*Exercise details*: The reply should be an exact repeat of the listing, with no pictures in it.

*Given data*:
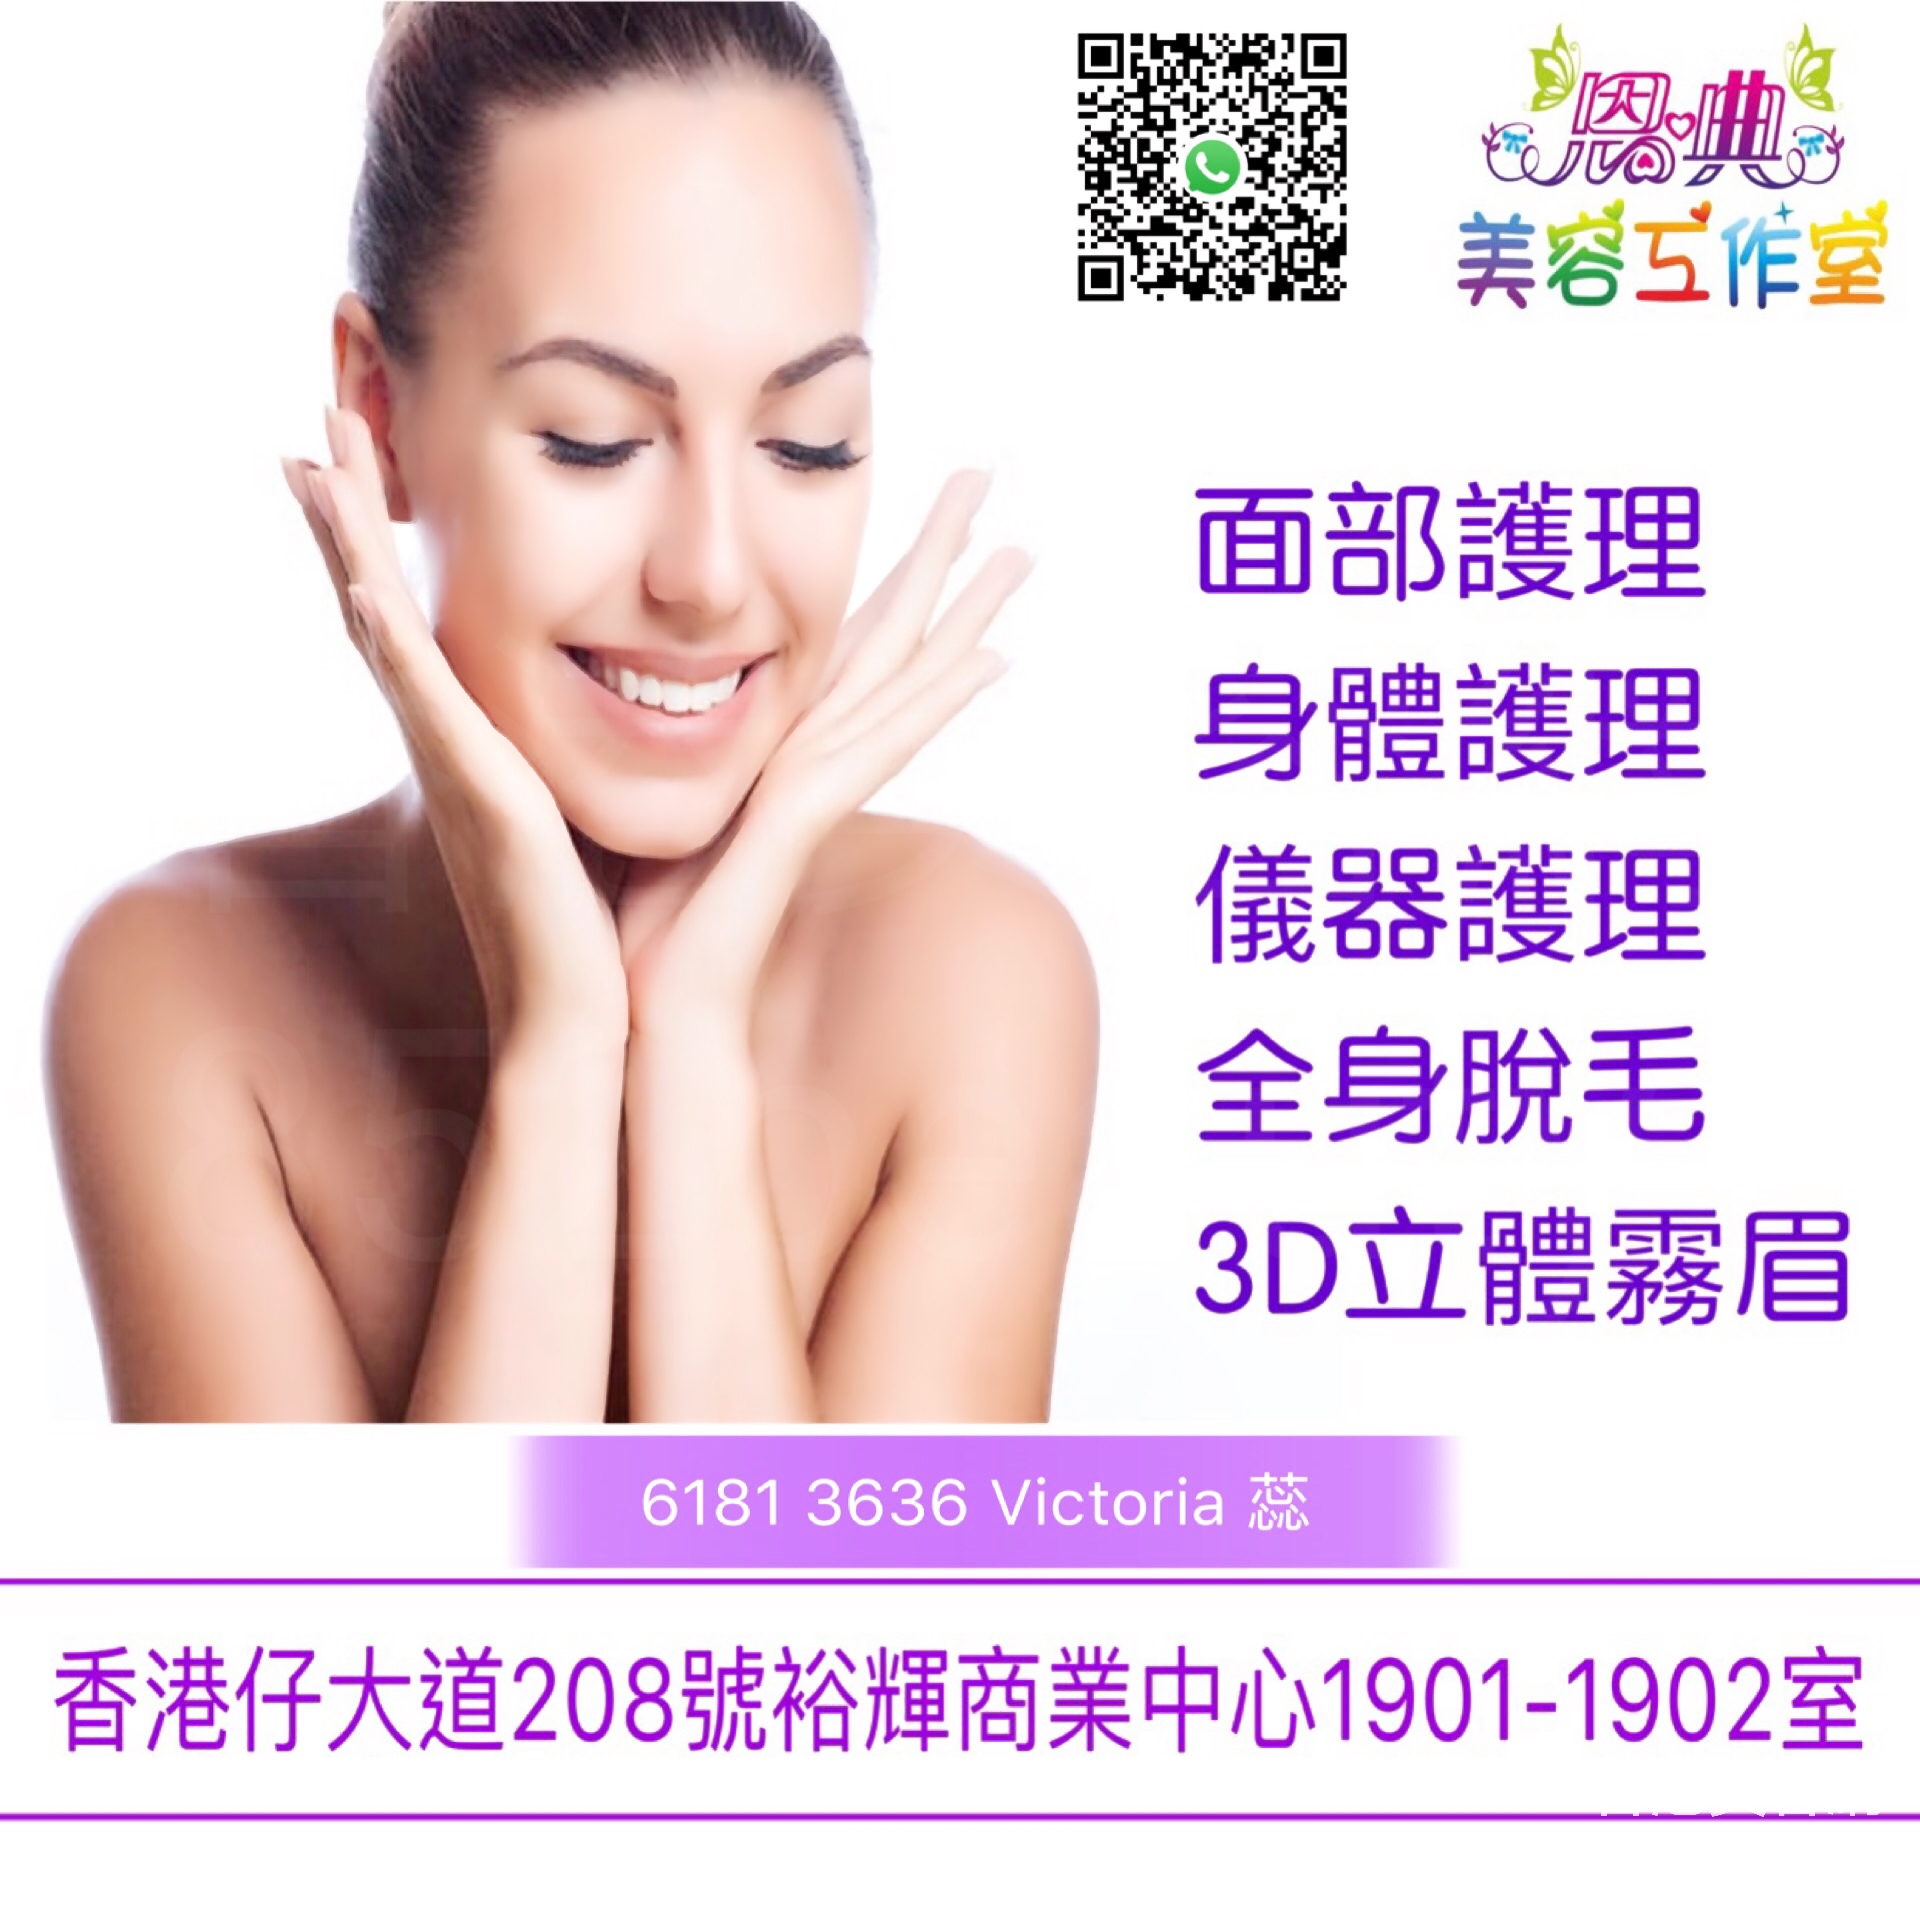 香港美容網 Hong Kong Beauty Salon 美容院 / 美容師: 恩典美容工作室
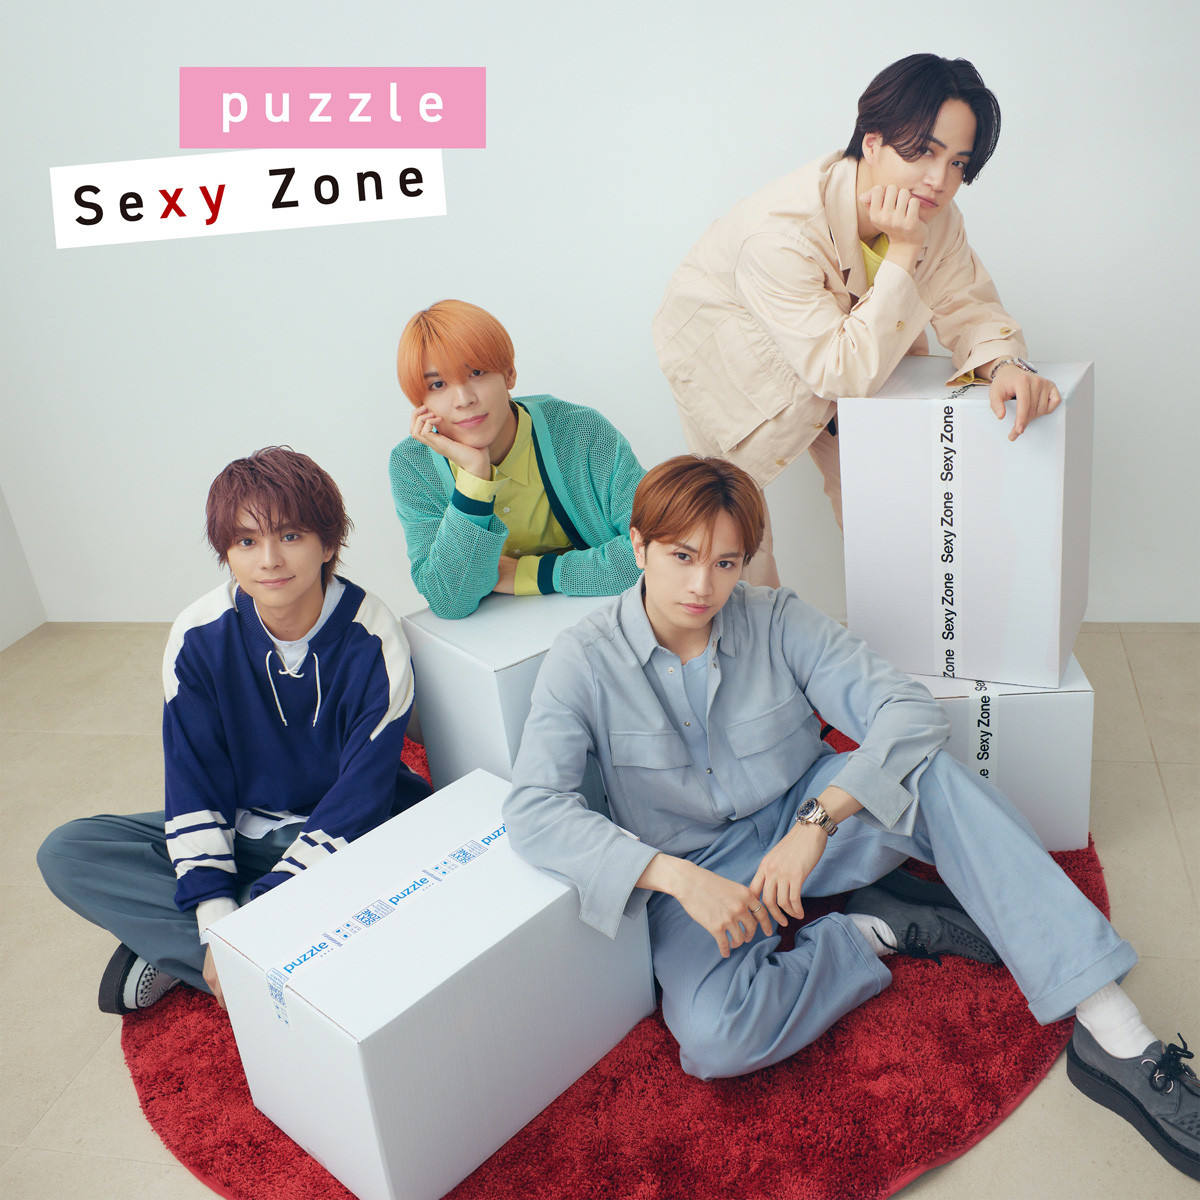 3/18付週間シングルランキング、1位はSexy Zone「puzzle」 | ORICON NEWS
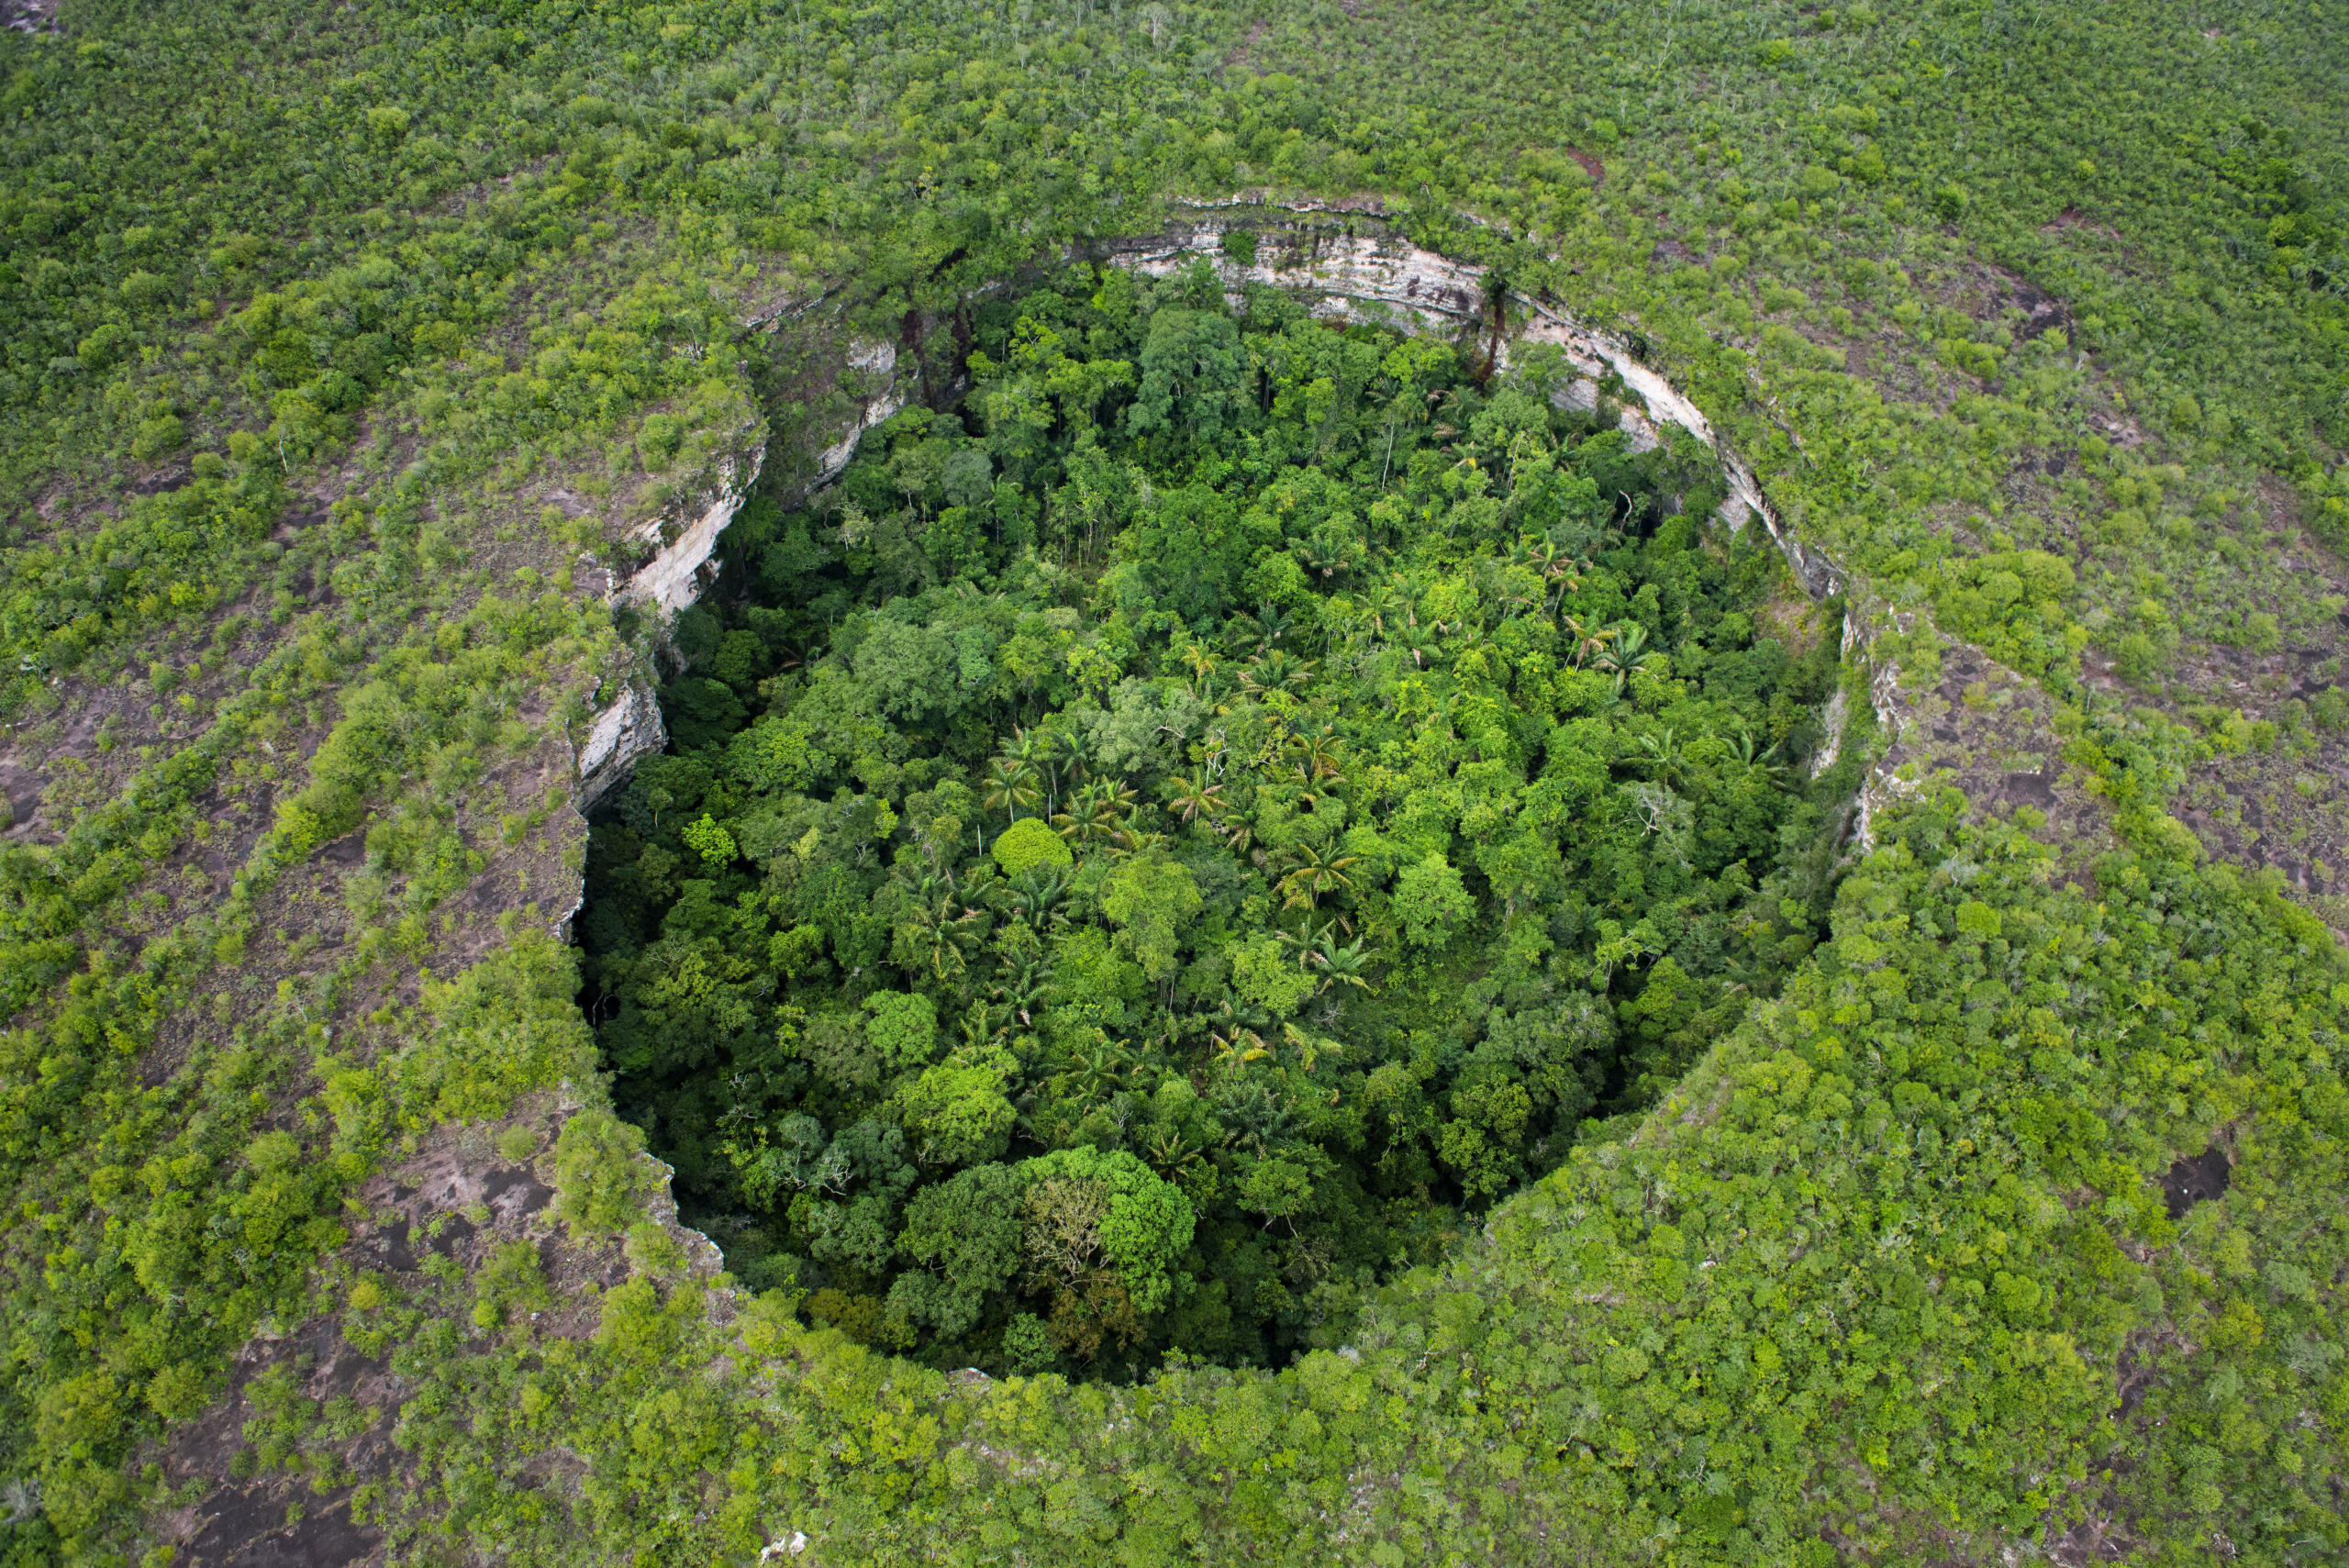 Awarded photo from a rainforest in Guyana - Daniel Rosengren

*Response*:
 香港美容網 Hong Kong Beauty Salon 美容院 / 美容師: 恩典美容工作室
 3/18付週間シングルランキング、1位はSexy Zone「puzzle」 | ORICON NEWS
 Awarded photo from a rainforest in Guyana - Daniel Rosengren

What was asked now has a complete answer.